Musically however, Diary was less concerned about politics than about simply ‘avin it. In the 20 years after rave’s “second summer of love”, UK dance music had fractured along tribal lines into an increasingly niche collection of subgenres, but you’d never know listening to Benga’s classic “Night”. Produced in collaboration with Coki, its descending bassline and stepper’s rhythm sent everyone from crustpunks to champagne room ravers into hysterics. While it retained dubstep’s now-signature 3rd beat snare, everything else about “Night”’s drum pattern feels uptempo and DJ-friendly, earning it a home in the record bags of adventurous techno DJs, open-minded grime collectors, and even the emerging UK funky scene, who battered Geeneus’ house tempo remix. Receiving massive support from Rinse FM and at clubs like Fabric and Matter (R.I.P), it’s an absolute banger that stands proudly next to cross-generational anthems like A Guy Called Gerald’s “Voodoo Ray” and Shy-FX’s “Original Nuttah”.

And yet, it’s hardly the only hit on the album. “26 Basslines” might be even crazier, somehow colliding dubstep’s morphing LFO basslines with trance’s melodic leads to form one demented whole. “Crunked Up” does away with the neon synths, setting a synthesised glitchy dentist drill to a haunting steppers’ dub. “Someone 20” even tries bleep techno over breakbeats—an olive branch to more traditional dance music. Mostly however, Diary Of An Afro Warrior sought to prove that dubstep’s nocturnal moodiness need not appeal solely to the spliffed-out Croydonian producers who made it—it could be straight-up sexy too! Tracks like “Pleasure” and “Loose Synths” combine ethereal pads to the kinds of swung rhythms that made Benga’s garage forefathers proud, turning down the testosterone but retaining all of dubstep’s inventiveness. These moments are a far cry from the aggressive peak time tear-out tunes that would soon hamper the genre, but they’re no less commercially viable, aiming to expand dubstep beyond the tight confines of FWD’s dark room to festivals and beyond. Soon, everyone from acolytes of Ed Banger bloghouse to D&B ravers to IDM chin-strokers were cottoning onto the sound of 2008.

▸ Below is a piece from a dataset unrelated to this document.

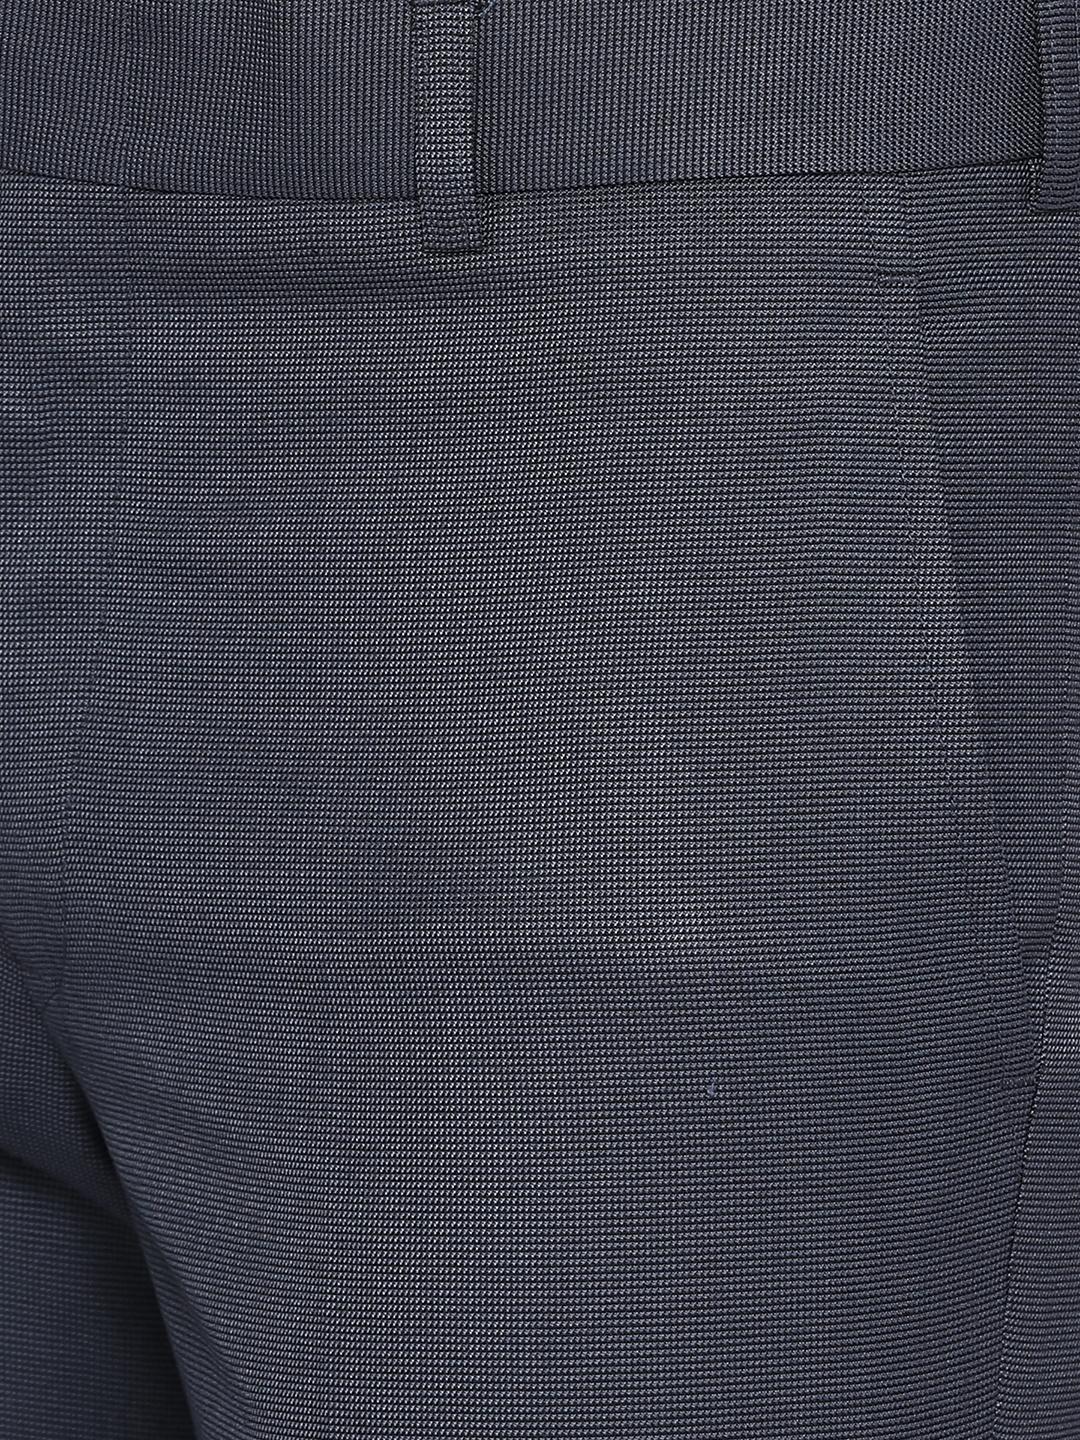 Greenfibre | Navy Blue Solid Slim Fit Formal Trouser | Greenfibre 4

This wide-ranging appeal ensured Diary Of An Afro Warrior’s impact would spread far beyond its home genre. Over the next few years, artists influenced by dubstep would file themselves under more amorphous and decentralised names like ‘post-dubstep’ and ‘bass music’, freeing themselves from self-imposed creative limitations. This had its pros (everyone was tired of wobblers and the sombre vibes got to be a bit much) and its cons (“wonky” was the worst genre tag since “urban”). Nevertheless, Benga’s dance-friendly drum patterns and embrace of neon synth lines paved the way for this bass-centric renewal of dance music, a revival that had the entire world looking to London for the day’s most exciting sounds.

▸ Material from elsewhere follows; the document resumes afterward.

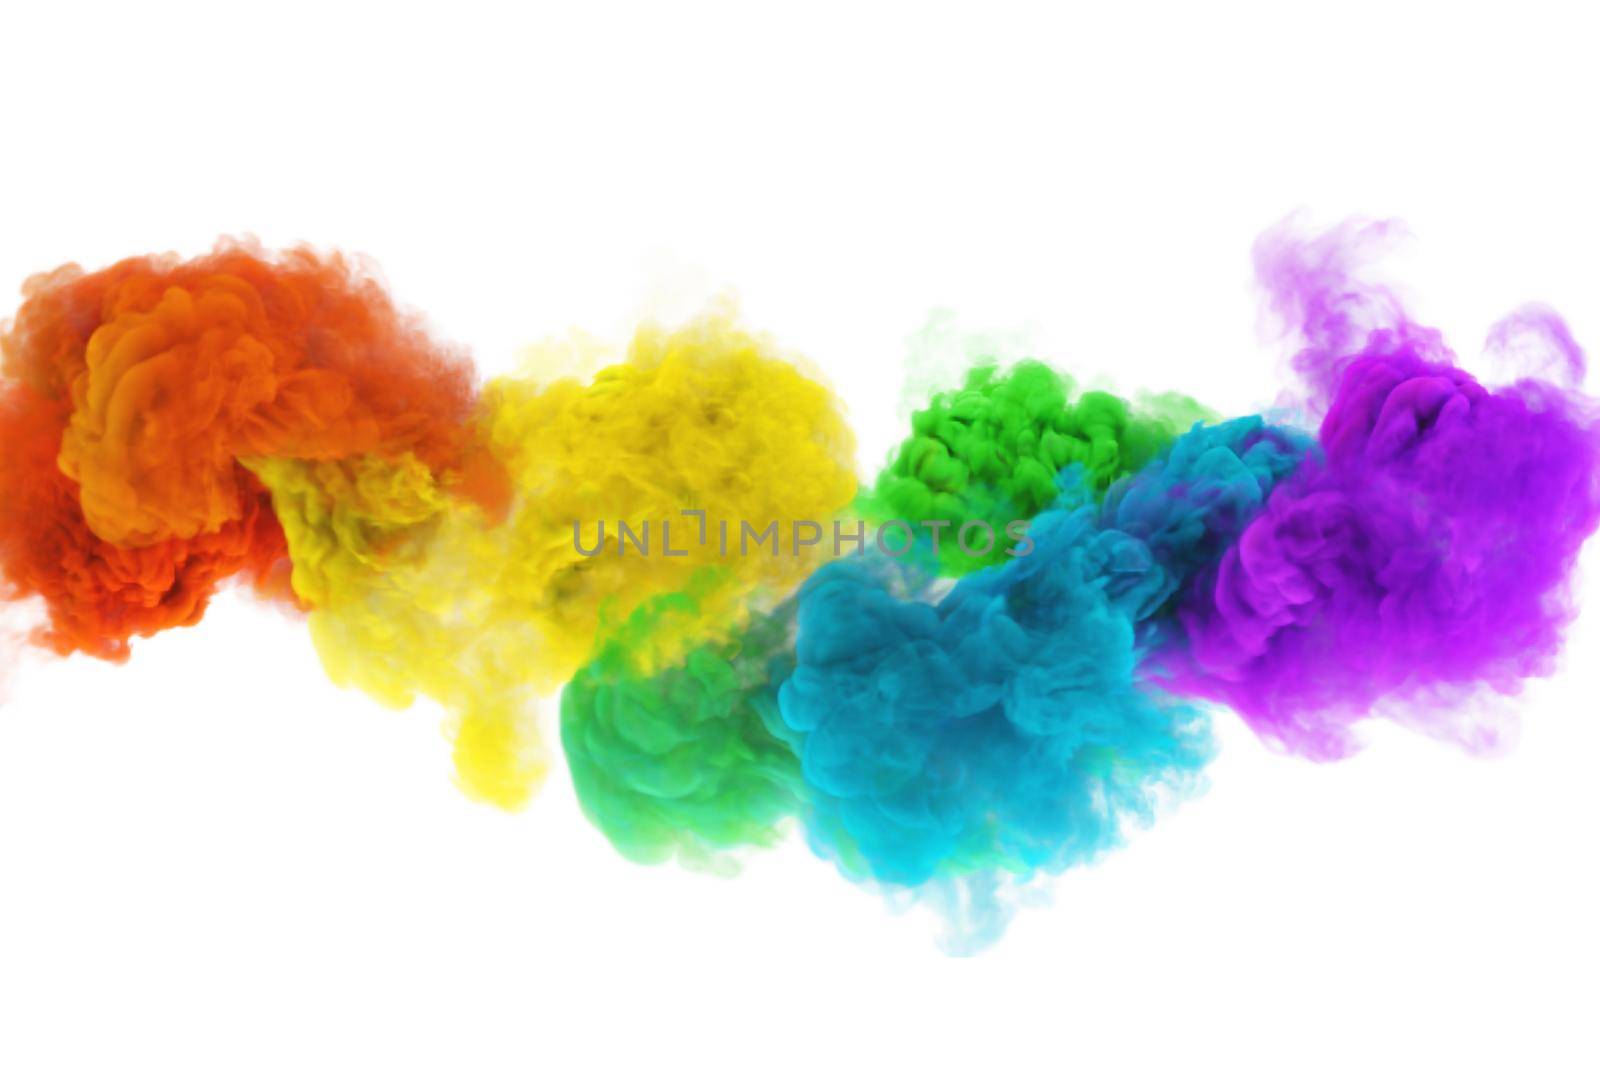 Funny clouds of colored rainbow smoke in white background by Xeniasnowstorm

Sadly, things got a bit out of hand, both for dubstep and Benga personally. Ravey tunes attracted a ravey audience, and the moody sexiness of Benga’s production would soon be left by the wayside, as producers continually upped the ante in search of ruder, gnarlier basslines. The intense maelstrom of an unforgiving tour schedule, meanwhile, would lead to Benga stepping away from music for the good of his mental health. Yet, as a dubstep raver and DJ, it’s impossible to look back at Diary Of An Afro Warrior and feel anything but awe and pride. At a time when dance music was at its most fractured and cliquish, Benga not only produced an album that appealed to practically everyone of clubgoing age, he did so while remaining true to his roots and artistic vision.

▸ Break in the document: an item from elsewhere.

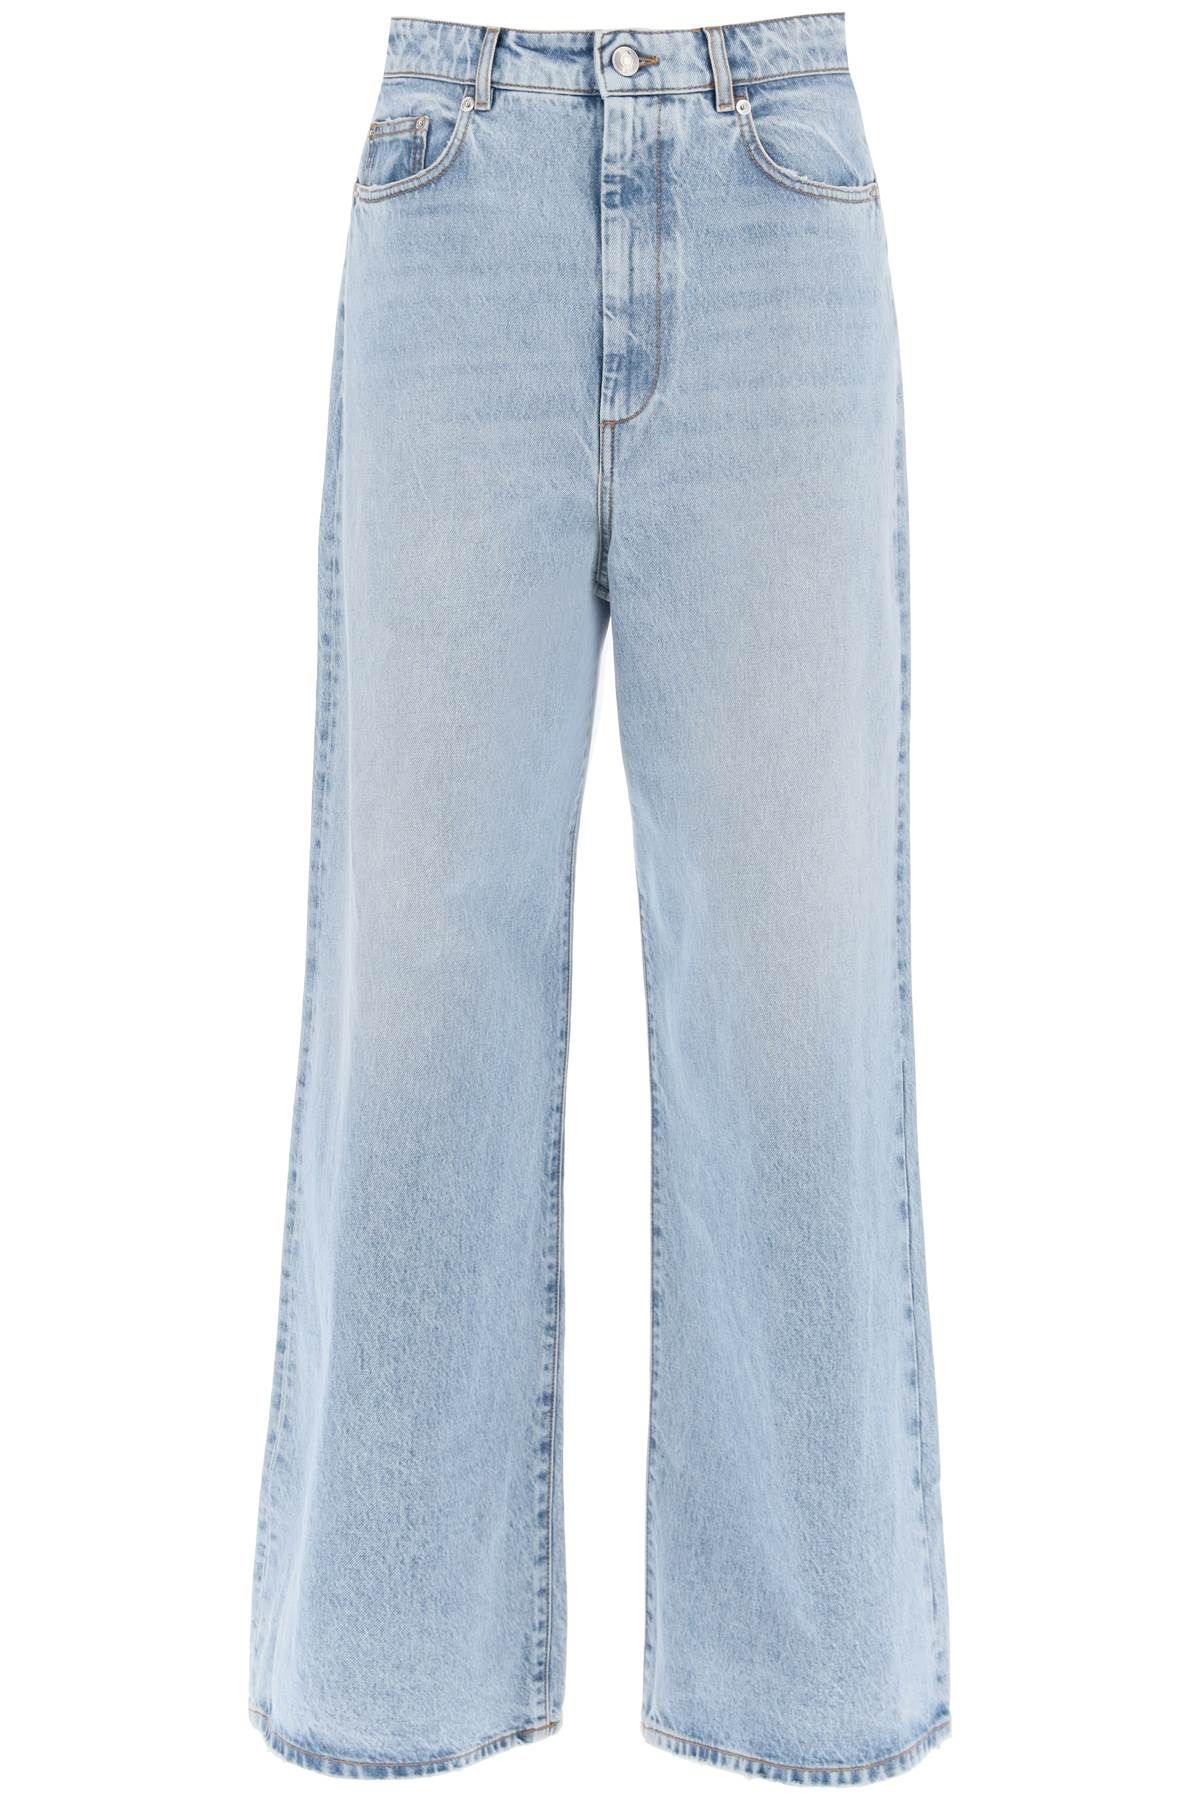 Shop Sportmax Wide-legged Angri Jeans For A In Light Blue

Coming from a hip-hop background, I can personally attest to being suspicious of dance music, particularly the stuff pushed by mainstream outlets. Diary Of An Afro Warrior (along with The Bug’s London Zoo and Flying Lotus’ Los Angeles that same year) did a lot to correct my perception that this was music exclusively by and for bald guys in black turtlenecks, connecting dance music’s Black roots to its Black present while also positioning it as an inviting scene, welcoming to anyone ready to lose their mind to the right drop.